Someone was coming up the stairs. It was a slow, careful tread, as if the person was uncertain, or maybe carrying something. Alexa lifted her head from the pillow and held her breath. The steps reached the top of the stairs and then came slowly along the landing. Then the bedroom door opened carefully and a slice of yellow light fell in from the ugly overhead bulb on the landing outside, revealing Dan, carrying a teacup and saucer.
He whispered, ‘You awake?’
She sat up a little. ‘Yes. Just.’
He came round the bed and put the teacup down on the pile of books on the small chest beside her. ‘I’ve brought you some tea.’
‘Thank you. Where are the twins?’
‘Downstairs.’
‘Doing what?’
‘Eating toast and jam,’ Dan said.
‘Eating—’
‘Yes,’ Dan said. ‘They’re very jolly. Sticky, but jolly. Come down when you’ve come to.’
‘Yes, I’ll—’
‘Soon as you can,’ Dan said, his voice a little louder. ‘When you’ve drunk your tea. Your father’s here.’
CHAPTER THIRTEEN
Franny’s Rupert had texted to ask Isabel if she was on Facebook.

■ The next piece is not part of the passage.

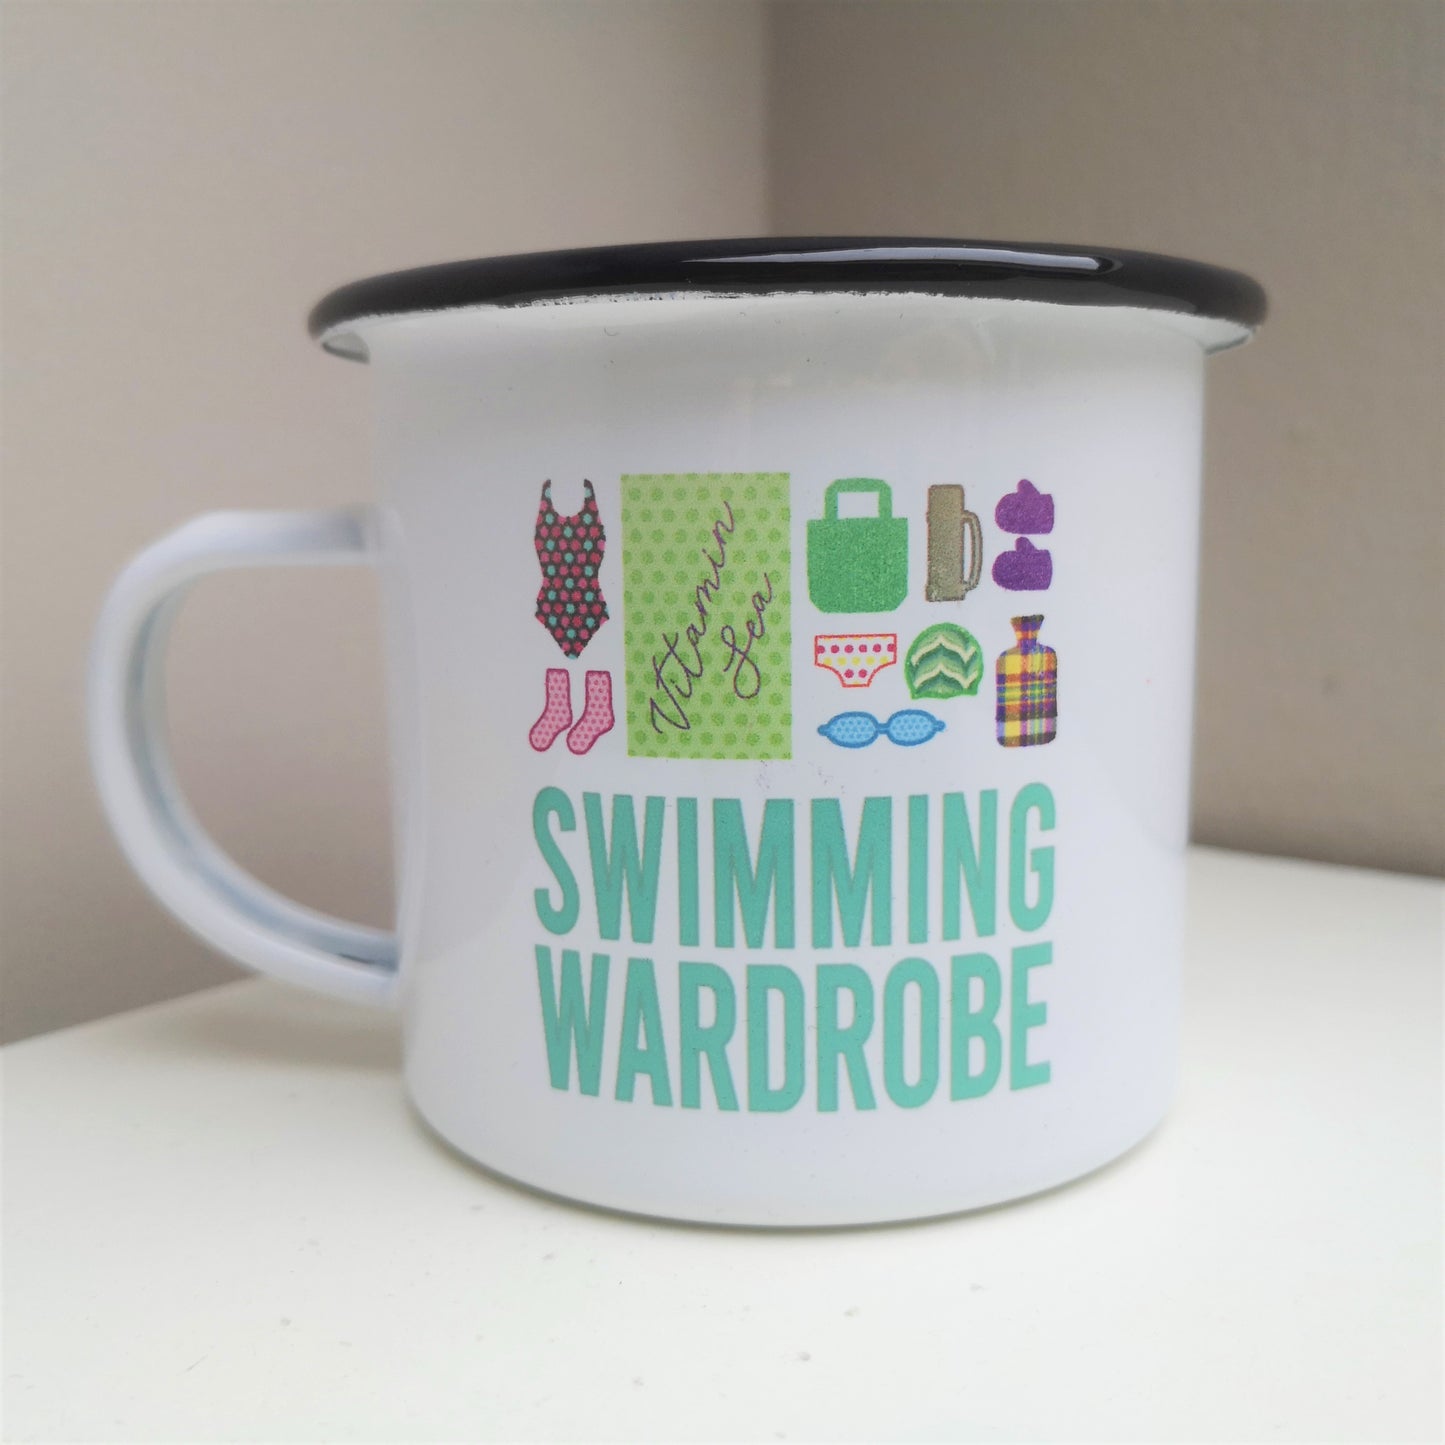 A White enamel mug with a black rim with the following on the front - a mini swimming wardrobe of togs, booties, towel, bag, pants, goggles, swimming cap, flask, gloves and hot water bottle

There had been no kisses after the text, Isabel noticed, but she had to balance their absence against the fact that he had texted at all, and that he had virtually asked her to be a friend on Facebook. She had thought about her response for a long time – at least three hours – before ingeniously replying ‘Not yet. Not allowed,’ which did not precisely give away the fact that she was not yet thirteen. She was pleased with the reply. It strengthened the impression she did not i
n the least mind him having, that she was pretty well a complete prisoner of unreasonable adult prohibitions. When she sent the text, she was careful to conclude without kisses, also.
Mobile phones were not permitted during school hours. The rule was that they were to be left in the cubbyhole by your bed in the morning, and only switched on in the evening to retrieve messages, after prep and supper and before lights out. Like most people, Isabel kept her phone on vibrate mode illicitly in her uniform skirt pocket, and the risk of getting caught lent the school day a pleasurable frisson of danger, not unlike the sensation Isabel had had while walking down the school drive. In the middle of double maths, Isabel’s phone trembled in her pocket. She counted to twenty and put her hand up. Mrs Twining, who found maths so exciting that she talked about it as if she’d just won The X-Factor, asked what she wanted, with impatience. Libby Guthrie and her gang turned to glance and grimace.
‘Please,’ Isabel said, ‘may I be excused?’
In the lavatory cubicle, having already flushed the toilet to create a comforting wall of noise, Isabel read her screen.
‘Can u talk?’ Rupert had texted.
‘Not allowed,’ she wrote back.
‘!!!’ he said. ‘Later?’
‘Yes,’ she said, stopping herself before she wrote, ‘Please.’
‘OK,’ he said. ‘Got an idea.’
She stared, smiling, at the screen. ‘4 me?’
‘Yes, thicko!’ he wrote, but then he added ‘x’.
Someone came into the cloakroom and banged a cubicle door shut. Isabel reached behind her to pull the flush again. ‘Thank you.’
‘X,’ he said.
She stood up, the phone glowing in her hand. She wanted to say ‘x’ back. But she mustn’t.